Something was brooding this year. Perhaps we were all scratching and clawing for a chance to get back to the real world. There was a fox in our collective hen house, but when we tried to fly we couldn’t get off the ground. Cocksure at our place in the pecking order, we waddled out of the frying pan straight into the fryer. In a plot most fowl, feathers were ruffled and eggs were cracked in the great omelet that is a year in the life of America. Yes, in 2022 the chickens came home to roost.
Seemingly overnight—quite possibly literally overnight—an entire flock of bright red roosters appeared in Polish Hill. The big birds’ super-saturated color glowed from the drab surfaces they played against. The roosters’ look was both comical and earnest—wholesome, even—but with a keen, knowing wisdom beyond their years.
At first—especially when wandering around Polish Hill, randomly finding the fowl on different morning constitutionals—one assumed the roosters are all of a common breed—identical in size, scope, and marking. Each has the same brilliant crimson, the same general shape, and their images have certainly been applied to United States Post Office equipment and city infrastructure with the same wheat-pasted method.
But given this opportunity to see each member of the flock right up against the others, we have the advantage of understanding they’re no mere cookie-cutout duplicates.
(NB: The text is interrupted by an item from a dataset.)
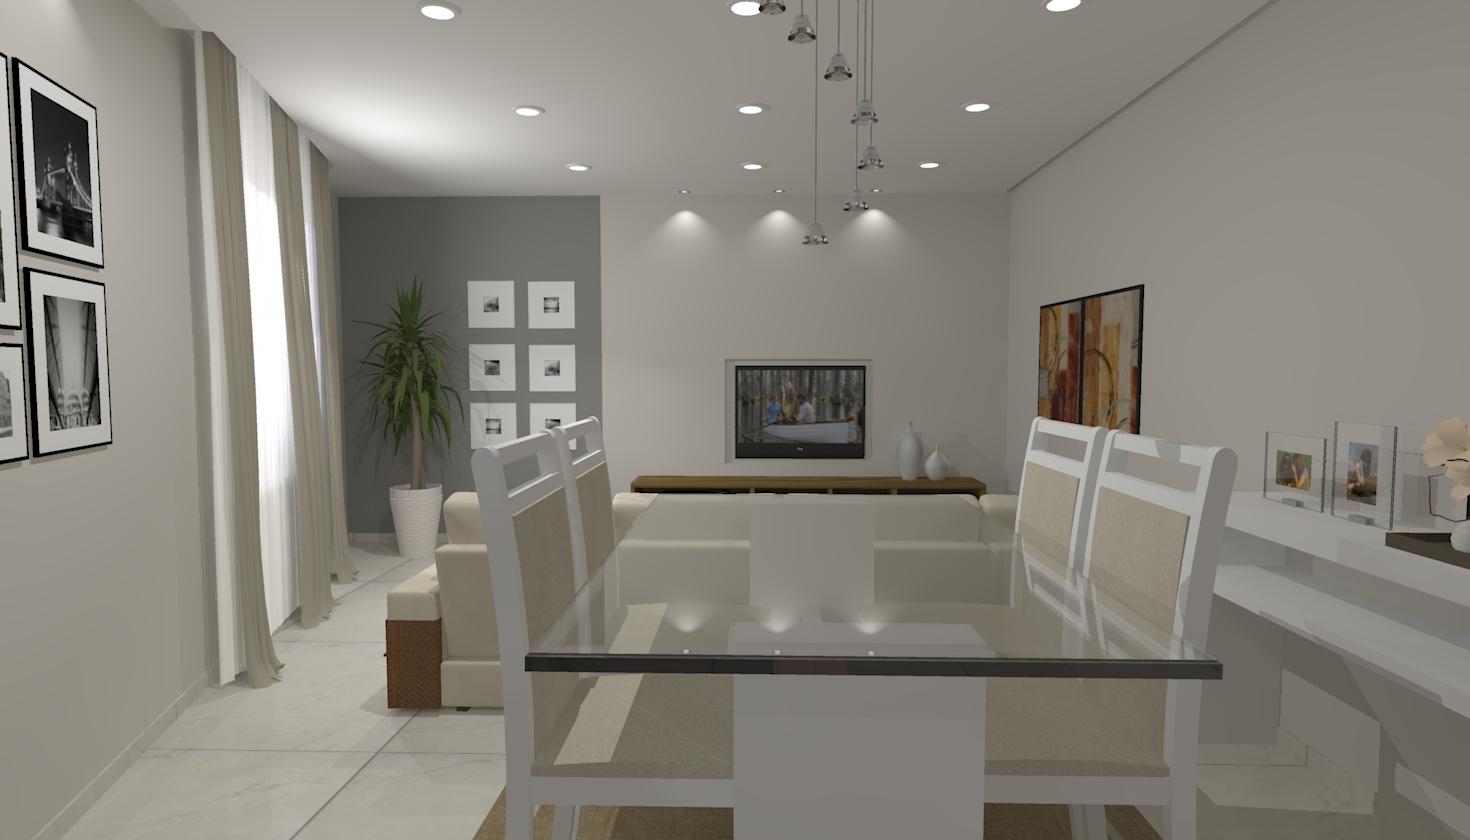 13 06 2013 em ambientes integrados sala de estar sala de jantar salas #36485C 1470 840

Some of the roosters face left; most face right. There are clear differences in beak shape and hind feather arrangement.
The widest variance, though, is in each bird’s detailing. Some include a fully-formed leg and claw, but others remain gestural—or nearly free of definition altogether. Chickens may have cartoonish humanoid eyes or concentric circular rings like those of a hypnotist, mid-induction process.
Full disclosure: your author is a rooster booster who loves chicken-pickin’, so the arrival of these fine creatures last April was a welcome surprise as winter’s gloom ceded to glorious spring rebirth. They’ve lived a lifetime since then with many of these specimens no longer present or left in wounded, half-torn-off states of decay. Perhaps many of us—certainly those blunted by seasonal affective disorder or the holiday blues—feel in their own states of decay this time of year.
How the non-denominational bunny rabbit and egg came to be so closely associated with Christianity’s highest, holiest holiday is a matter for historians and/or Wikipedia. We’ll not trouble ourselves with all that, but the roosters of Polish Hill walked out of our dreams and into our lives right around Easter. The timing may be coincidental, but it couldn’t have been more perfect.
Maybe that’s what the chickens were trying to tell us all along … if we’d only listened.
The sky clearly is NOT falling! Thank you!